In this section, we establish the asymptotic theory of the MPL estimator and the consistency of the penalty selection procedure based on IC_Q. Suppose $\mathit{\beta }={\left({\mathit{\beta }}_{(1)}^T,{\mathit{\beta }}_{(2)}^T\right)}^T$, where β₍₁₎ and β₍₂₎ are, respectively, p₁ × 1 and (p − p₁) × 1 subvectors. Let ${\mathit{\beta }}^{*}={\left({\mathit{\beta }}_{(1)}^{*T},{\mathit{\beta }}_{(2)}^{*T}\right)}^T$ denote the true value of β. Without loss of generality, we assume that ${\mathit{\beta }}_{(2)}^{*}=0$ and all of the components of ${\mathit{\beta }}_{(1)}^{*}$ are not equal to zero. Similarly let $\gamma ={\left({\gamma }_1^T,\dots ,{\gamma }_k^T\right)}^T={\left({\gamma }_{(1)}^T,{\gamma }_{(2)}^T\right)}^T$ where ${\gamma }_{(1)}^T={\left({\gamma }_1^T,\dots ,{\gamma }_{q_1}^T\right)}^T,{\gamma }_{(2)}^T={\left({\gamma }_{q_1+(1)}^T,\dots ,{\gamma }_q^T\right)}^T$ and γ₍₁₎ and γ₍₂₎ are q₁(q₁ + 1)/2 × 1 and {q − q₁(q₁ + 1)/2} × 1 subvectors respectively. Let ${\gamma }^{*}={\left({\gamma }_{(1)}^{*T},{\gamma }_{(2)}^{*T}\right)}^T$ denote the true value of γ. Without loss of generality, we assume that ${\gamma }_{(2)}^{*}=0$ and some of the components of each ${\gamma }_k^{*}$ are not equal to zero for k = 1,…, q₁.

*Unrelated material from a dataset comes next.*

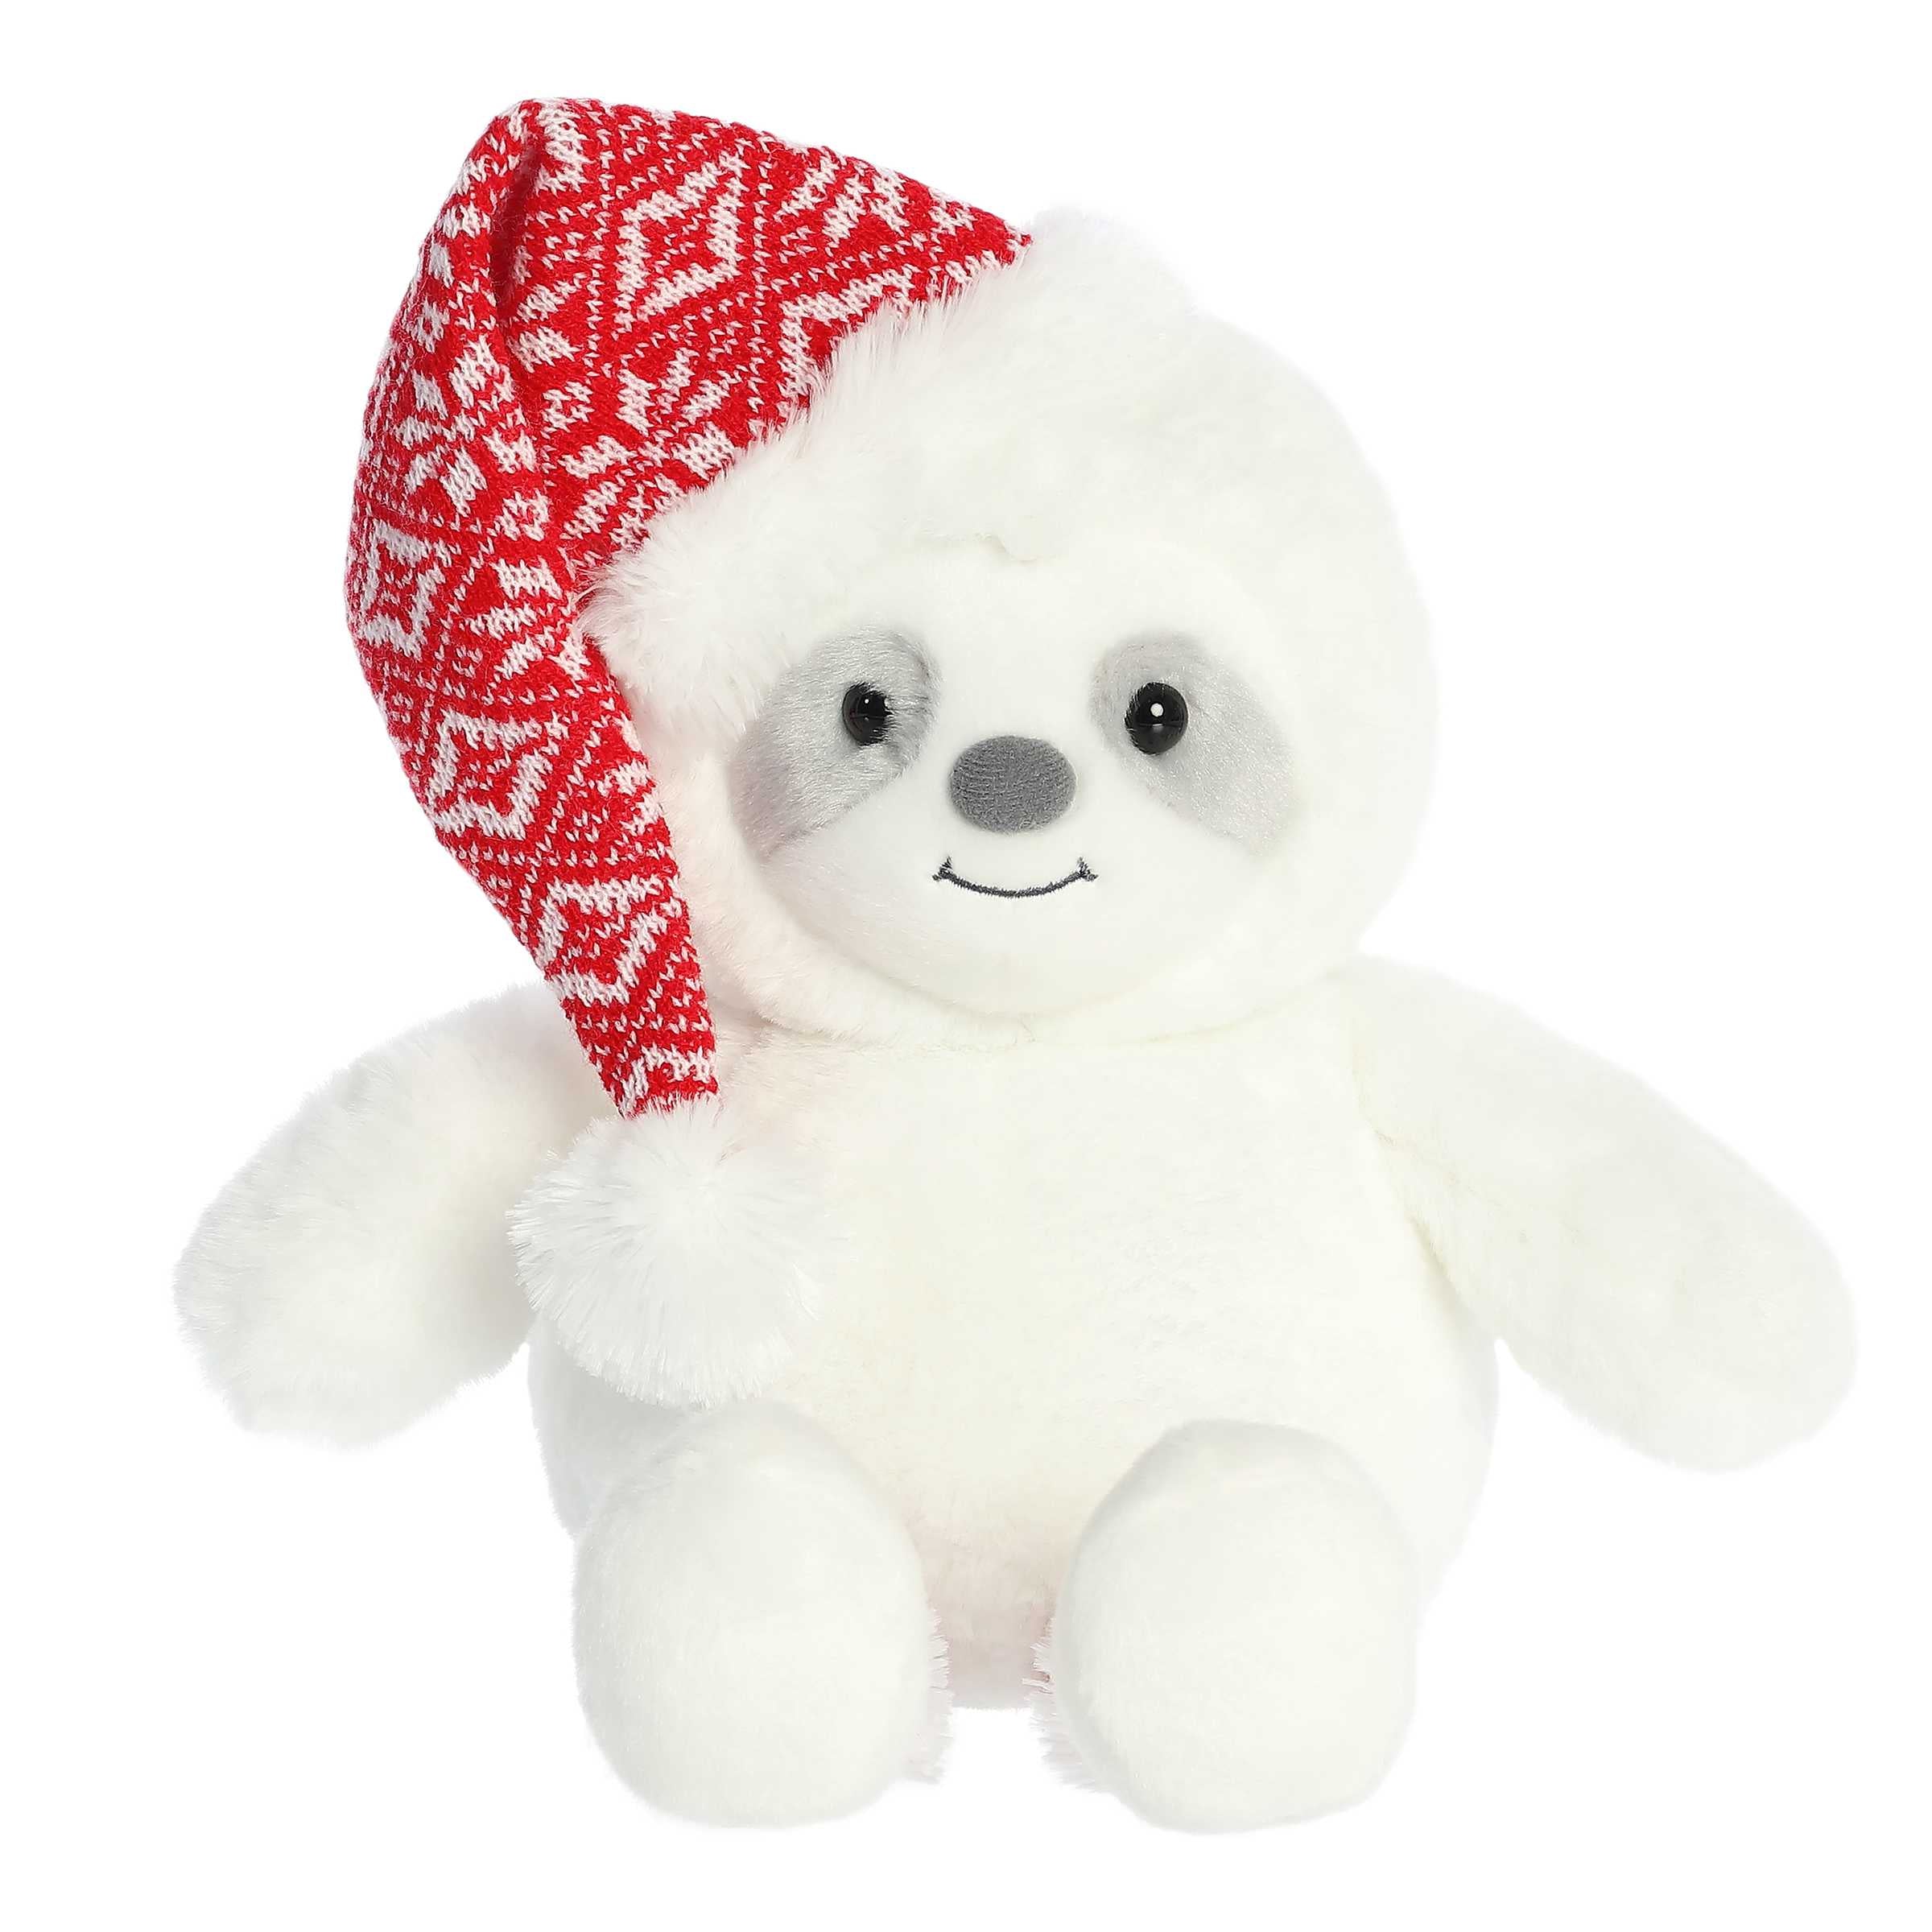 Cuddly white sloth with red and white knit sweater pattern on the legs and a matching non-detachable Santa hat

Let 𝒮 = {j₁₁,…, j_1d1; j₂₁, …, j_2d2} be a candidate model containing the j₁₁-th, …, j_1d-th columns of X and the j₂₁-th, …, j_2d2-th columns of Z. Thus, 𝒮_F = {1,…, p; 1,…,q} and 𝒮_T = {1,…, p₁; 1,…, q₁} denote the full and true covariate models, respectively. If 𝒮 misses at least one important covariate, that is 𝒮 ⊅ 𝒮_T, then 𝒮 is referred to as an underfitted model; however, if 𝒮 ⊃ 𝒮_T and 𝒮 ≠ 𝒮_T, then 𝒮 is an overfitted model. The unpenalized and penalized ML estimators of θ = (β^T, γ^T, ξ)^T, denoted by θ̂_S and θ̂_λ, respectively, are defined as

$${\widehat{\mathit{\theta }}}_S=\underset{\mathit{\theta }:{\beta }_j\ne 0,\forall j\in 𝒮}{\text{argmax}}\ell (\mathit{\theta })\text{ and }{\widehat{\mathit{\theta }}}_{\lambda }=\underset{\mathit{\theta }}{\text{argmax}}\left\{\ell (\mathit{\theta })-n{\displaystyle \sum _{j=1}^p{\varphi }_{{\lambda }_j}(|{\beta }_j|)-n{\displaystyle \sum _{k=1}^q{\varphi }_{{\lambda }_{p+k}}(\Vert {\gamma }_k\Vert })}\right\},$$

, and particularly θ̂_𝕊F = θ̂₀. We obtain the following theorems whose assumptions and proofs can be found in the web-based supplementary document.

THEOREM 1

Under assumptions (C1)–(C7) in the supplementary document, we have

1. θ̂_λ − θ* = O_p(n^−1/2) as n → ∞, where θ* is the true value of θ;

2. Sparsity: P(β̂_(2)λ = 0, γ̂_(2)λ = 0) → 1;

3. Asymptotic normality: $\sqrt{n}\{{({\widehat{\mathit{\beta }}}_{(1)\lambda }^T,{\widehat{\lambda }}_{(1)\lambda }^T,{\widehat{\mathit{\xi }}}_{\lambda }^T)}^T-{({\mathit{\beta }}_{(1)}^{*T},{\gamma }_{(1)}^{*T},{\mathit{\xi }}_{(1)}^{*T})}^T\}$ is asymptotically normal with mean and covariance matrix defined in the supplement.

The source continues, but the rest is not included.